-------- Source material

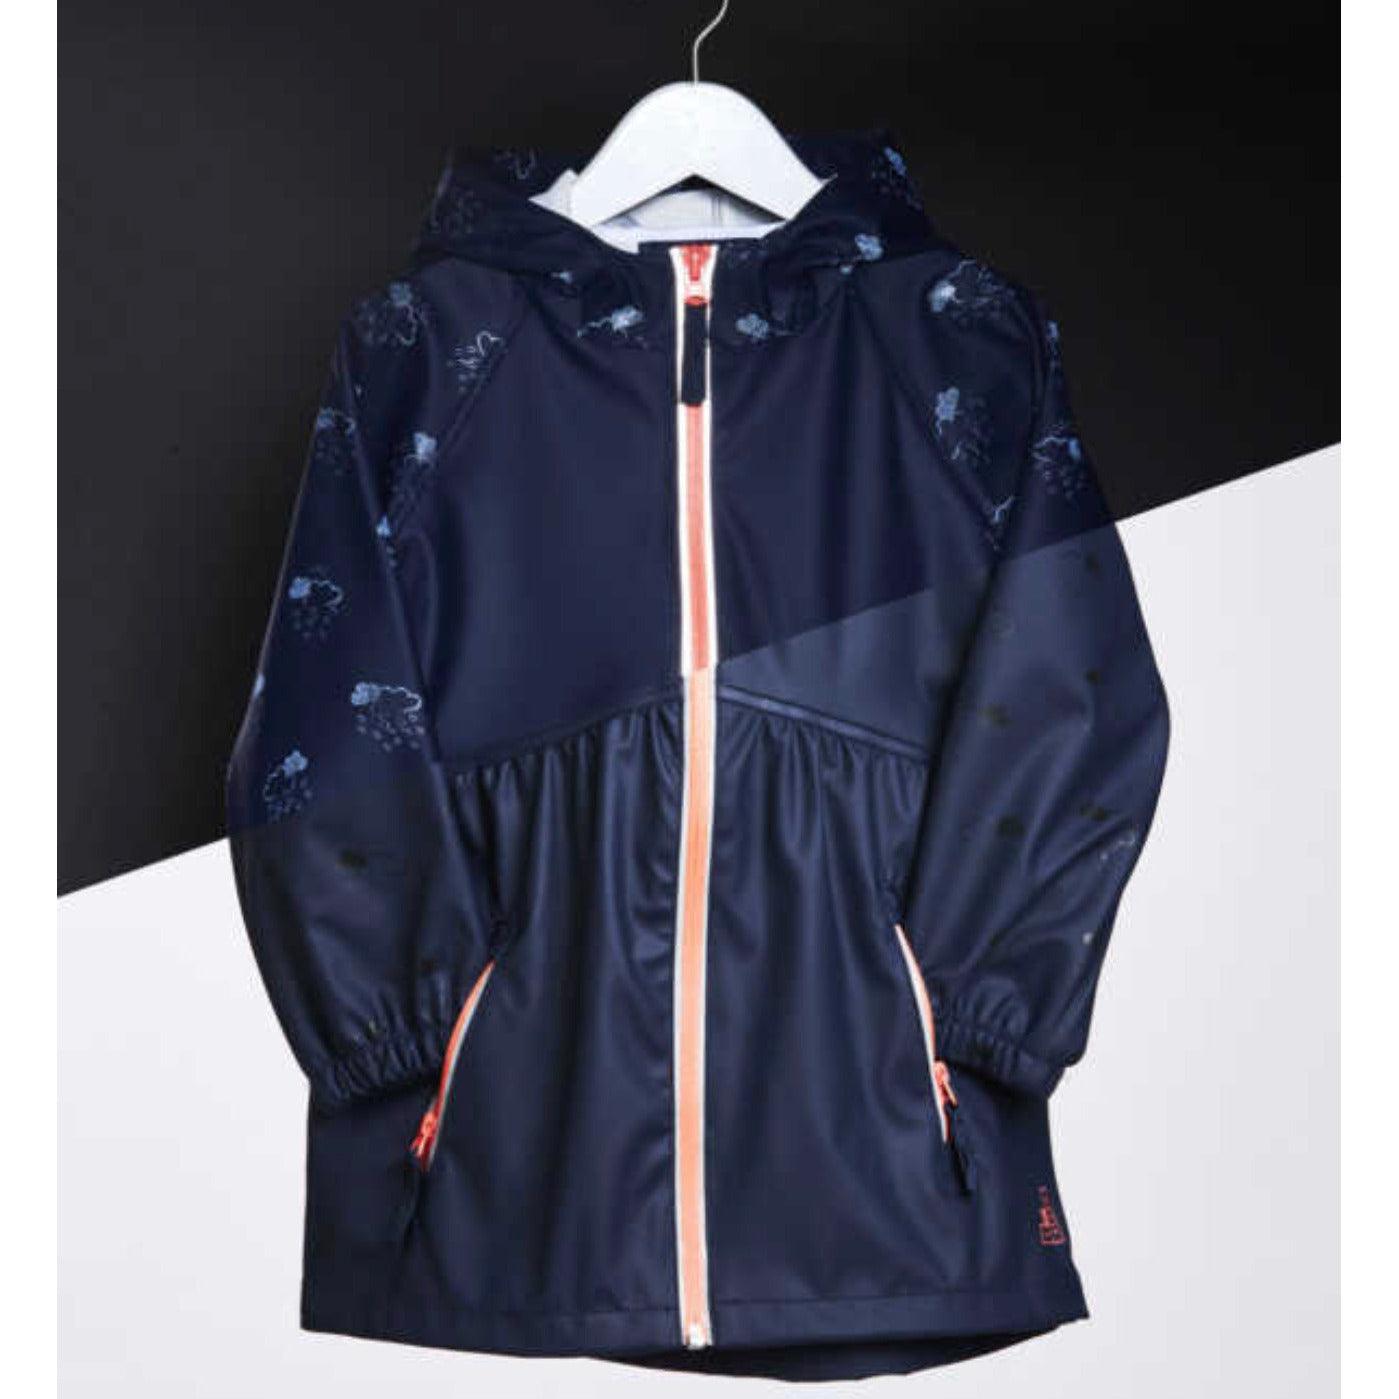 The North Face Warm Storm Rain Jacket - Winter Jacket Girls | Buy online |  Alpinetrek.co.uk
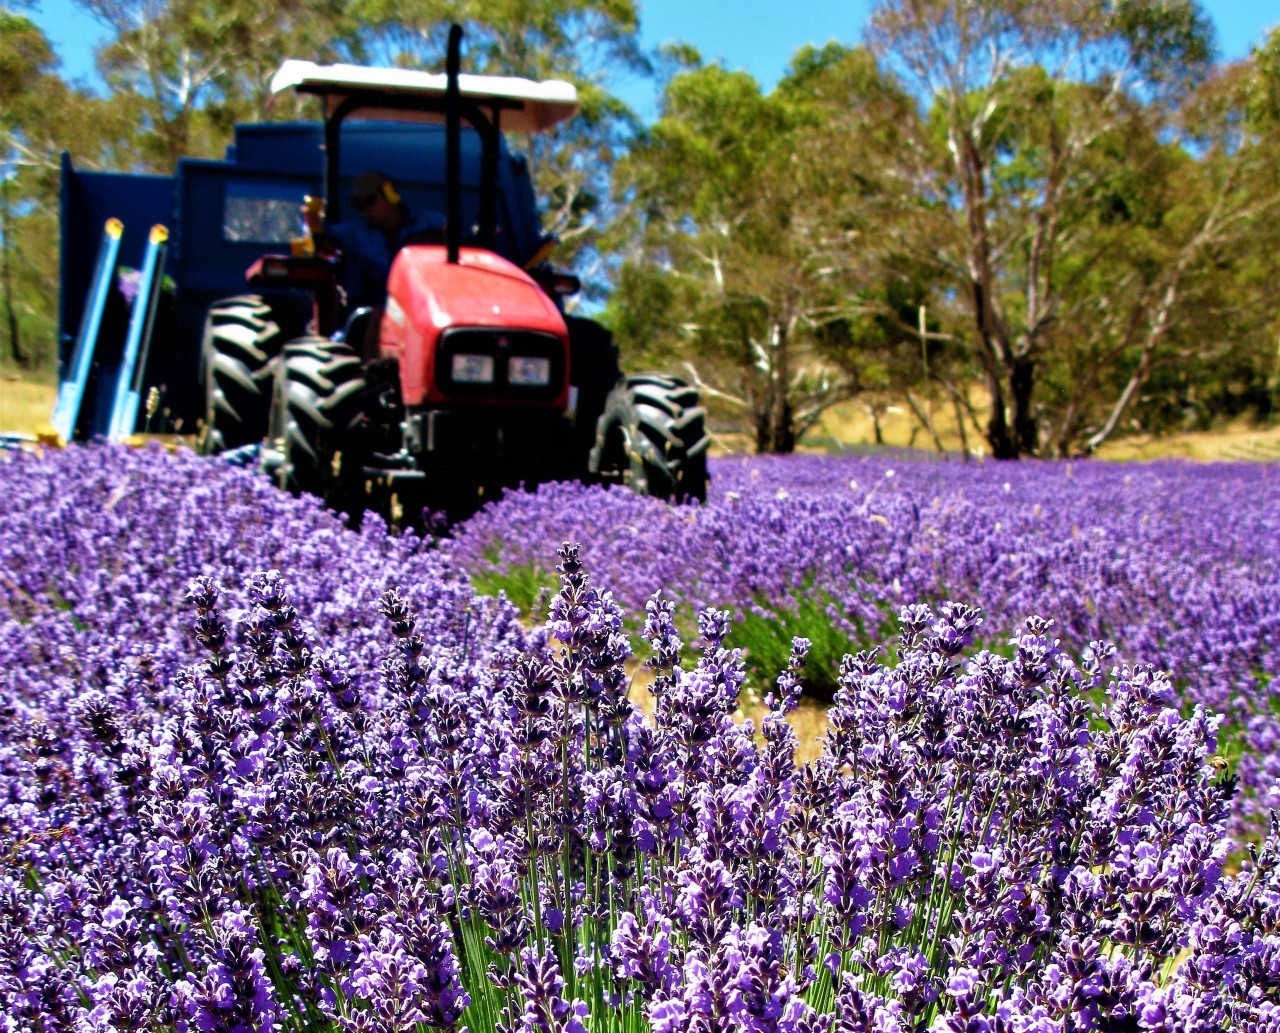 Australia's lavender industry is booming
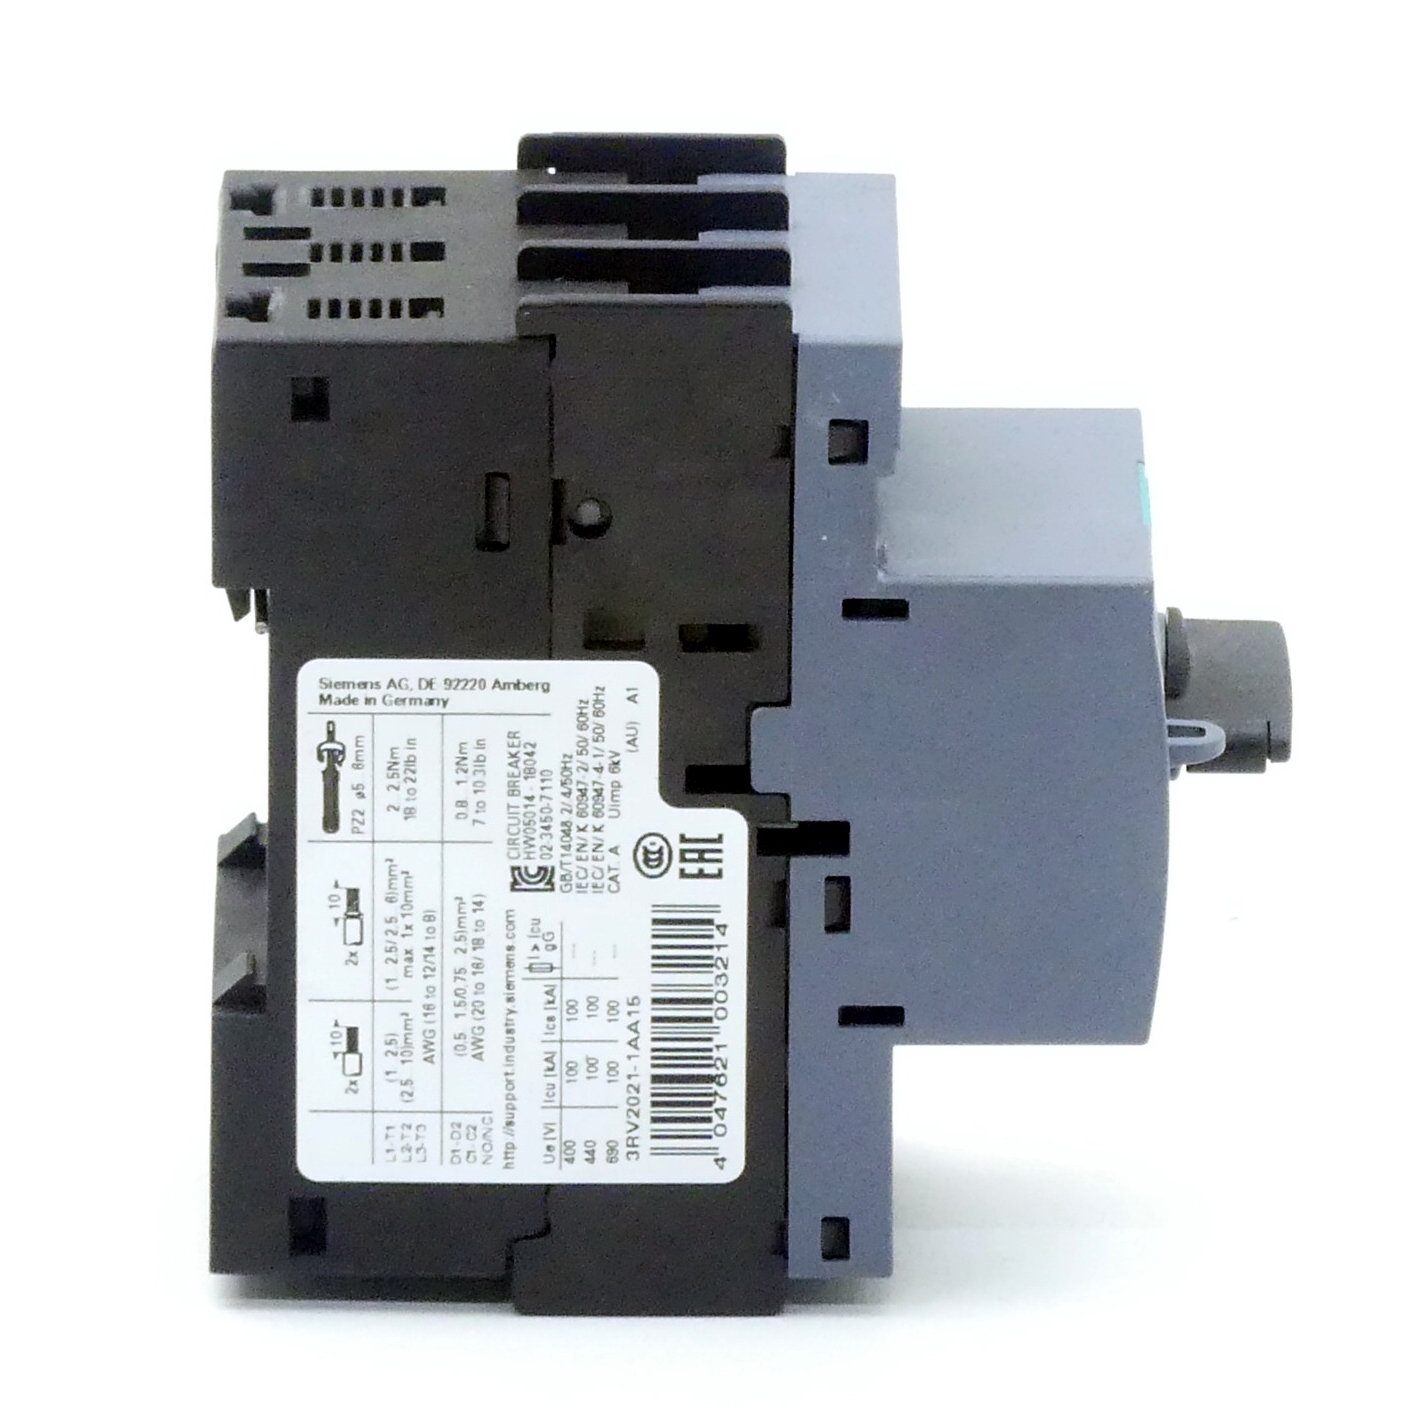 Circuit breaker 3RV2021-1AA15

----------------

Work instruction: Repeat all of the data above word for word, minus the pictures.

Solution to this task:
 The North Face Warm Storm Rain Jacket - Winter Jacket Girls | Buy online |  Alpinetrek.co.uk
 Australia's lavender industry is booming
 Circuit breaker 3RV2021-1AA15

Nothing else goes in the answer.